Mass democratic mobilisations have, in fact, existed at the heart of these regimes: workers’ riots in June 1953 in Berlin, workers’ councils in Poland and Hungary in 1956, the Prague Spring of 1968 (prolonged by the birth of the Czech workers’ councils), the revolutionary trade unionism of Solidarność (Solidarity) in Gdansk, Poland, in 1980. It is this history that the liberal interpretation of 1989 obliterates or falsifies — and tries to appropriate by presenting it as anti-communist. These popular movements fought, not to re-establish capitalism, but on the contrary in the name of socialist ideals.

If the end of the single party was popular; the philosopher Slavoj Žižek recalled that ‘Behind the Wall the peoples did not dream of capitalism’ (Le Monde, 7 November 2009). Capitalism’s triumph did not arise from a mass desire, but a choice made by the communist nomenklatura: to transform its privileges of function into privileges of ownership. Although the elites’ ‘grand conversion’ has been analysed (5), there are few studies on the social base of the old single party, which, though it became restive, did not demand privatisations.
Workers’ councils in Poland and Hungary

‘We can ask why it is the Polish working class which, out of all the countries in eastern Europe, periodically resumes the class struggle, and why now’, Polish journalist and former communist militant Victor Fay suggested in 1980 (6). Each of the great Polish independence struggles was marked by powerful workers’ mobilisations that, after the second world war, extended into a subtle relationship with the Communist Party of Poland (Polish United Workers’ Party, POUP), and also with the changing policy of the Kremlin in relation to eastern European communist parties.

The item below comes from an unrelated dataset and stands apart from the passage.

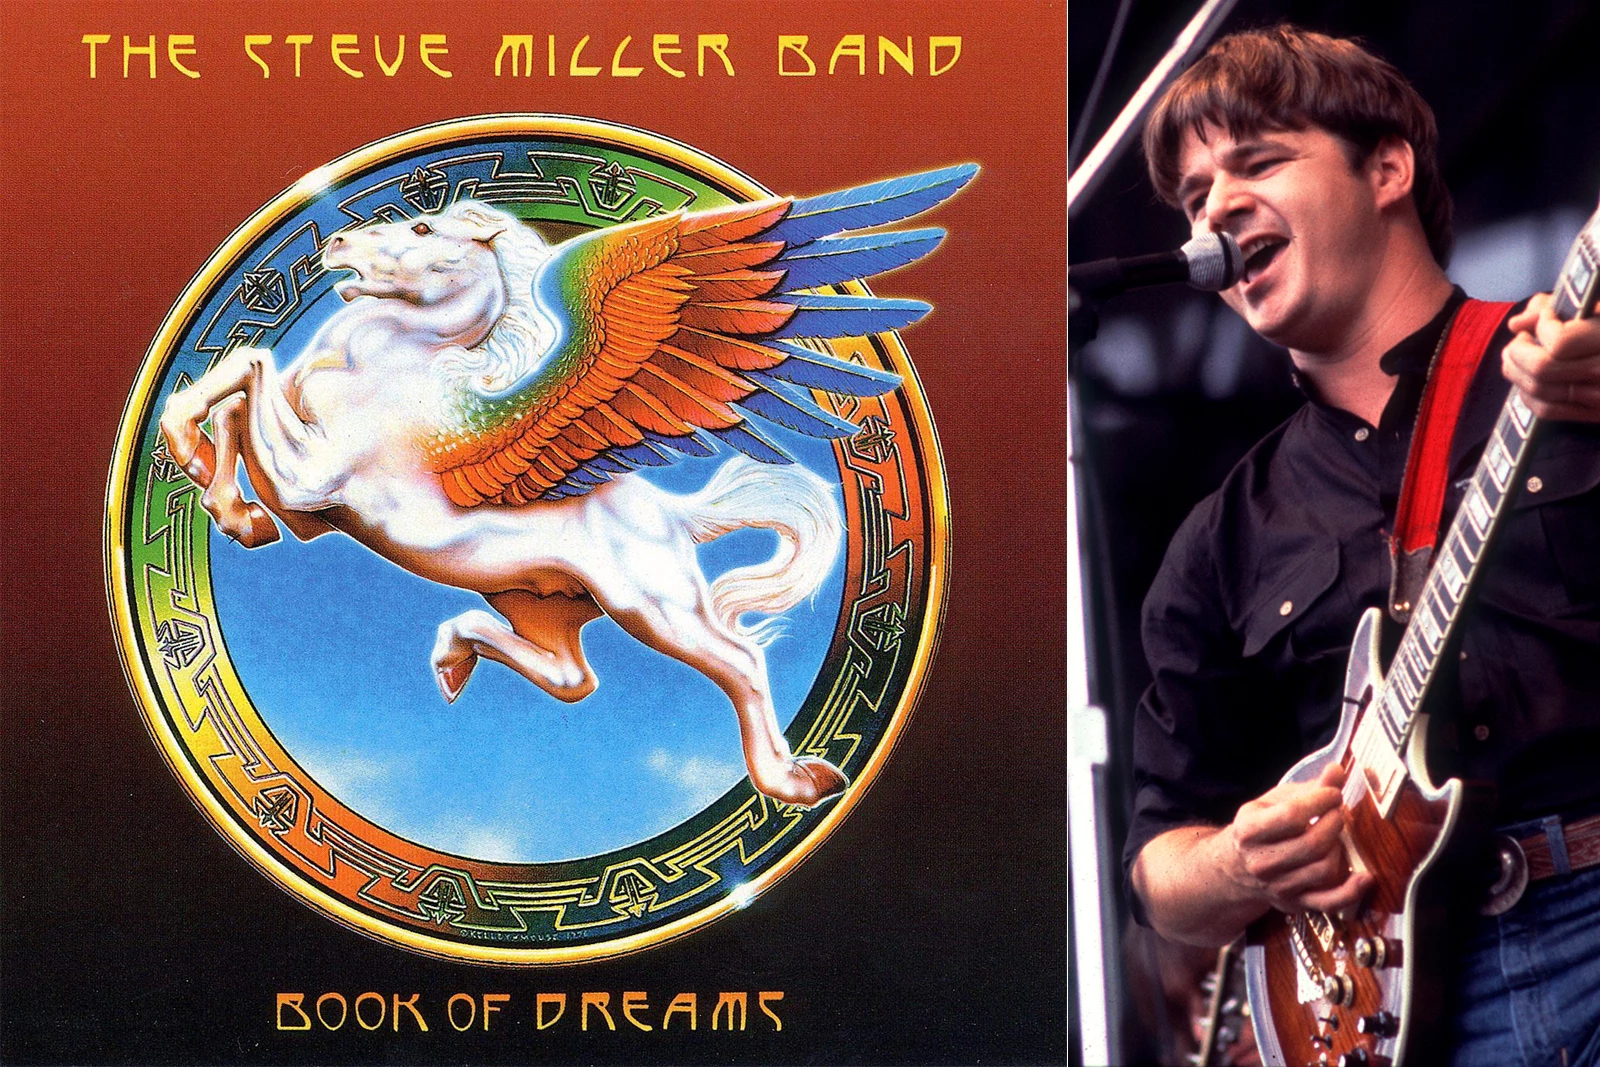 When Steve Miller Band Reached a New Peak With 'Book of Dreams'

The rupture in 1948 between Tito (Josip Broz) of Yugoslavia and Joseph Stalin showed the conflict between aspiration to the sovereignty of a national communism and the hegemonic policy of the Kremlin. It was accompanied by ‘anti-Tito’ purges in Poland, Bulgaria, Hungary and Czechoslovakia. After Stalin’s death, public apologies by his successor Nikita Khrushchev to the Yugoslav communists and the denunciation of Stalin’s crimes during the 20th Congress of the Communist Party of the Soviet Union in February 1956 revived the hope that Moscow would respect the egalitarian relationships, national and social, which in theory structured the Soviet universe.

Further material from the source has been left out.